[145182] in cryptography@c2.net mail archive
Re: Question regarding common modulus on elliptic curve cryptosystems
daemon@ATHENA.MIT.EDU (Matt Crawford)
Thu Mar 25 08:44:55 2010
Date: Wed, 24 Mar 2010 09:09:59 -0500
From: Matt Crawford <crawdad@fnal.gov>
In-reply-to: <4BA68BDE.3010007@pentatek.com>
To: Cryptography List <cryptography@metzdowd.com>
On Mar 21, 2010, at 4:13 PM, Sergio Lerner wrote:
> I looking for a public-key cryptosystem that allows commutation of the operations of encription/decryption for different users keys
> ( Ek(Es(m)) = Es(Ek(m)) ).
> I haven't found a simple cryptosystem in Zp or Z/nZ.
>
> I think the solution may be something like the RSA analogs in elliptic curves. Maybe a scheme that allows the use of a common modulus for all users (RSA does not).
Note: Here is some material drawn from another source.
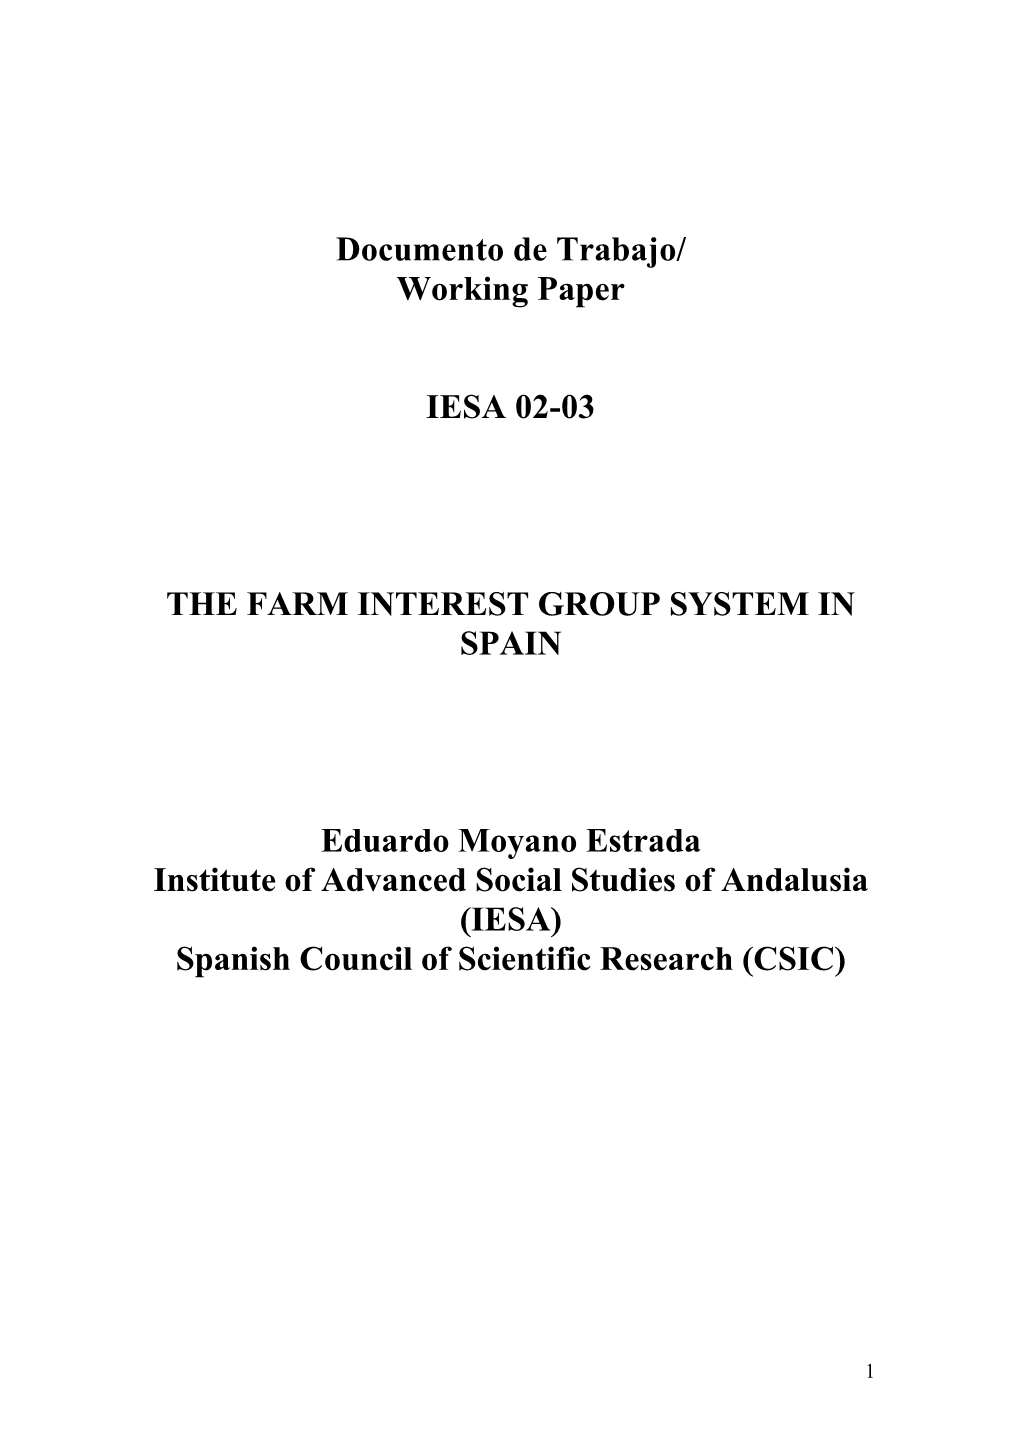 Working Paper IESA 02-03 the FARM INTEREST GROUP SYSTEM

If your application can work with a trusted authority generating all the keypairs, and you sacrifice the use of short public exponents *and* sacrifice the possession of the factors of the modulus by the key owners, making them do more work on decryption, I think you can have what you asked for. But that's a lot of ifs.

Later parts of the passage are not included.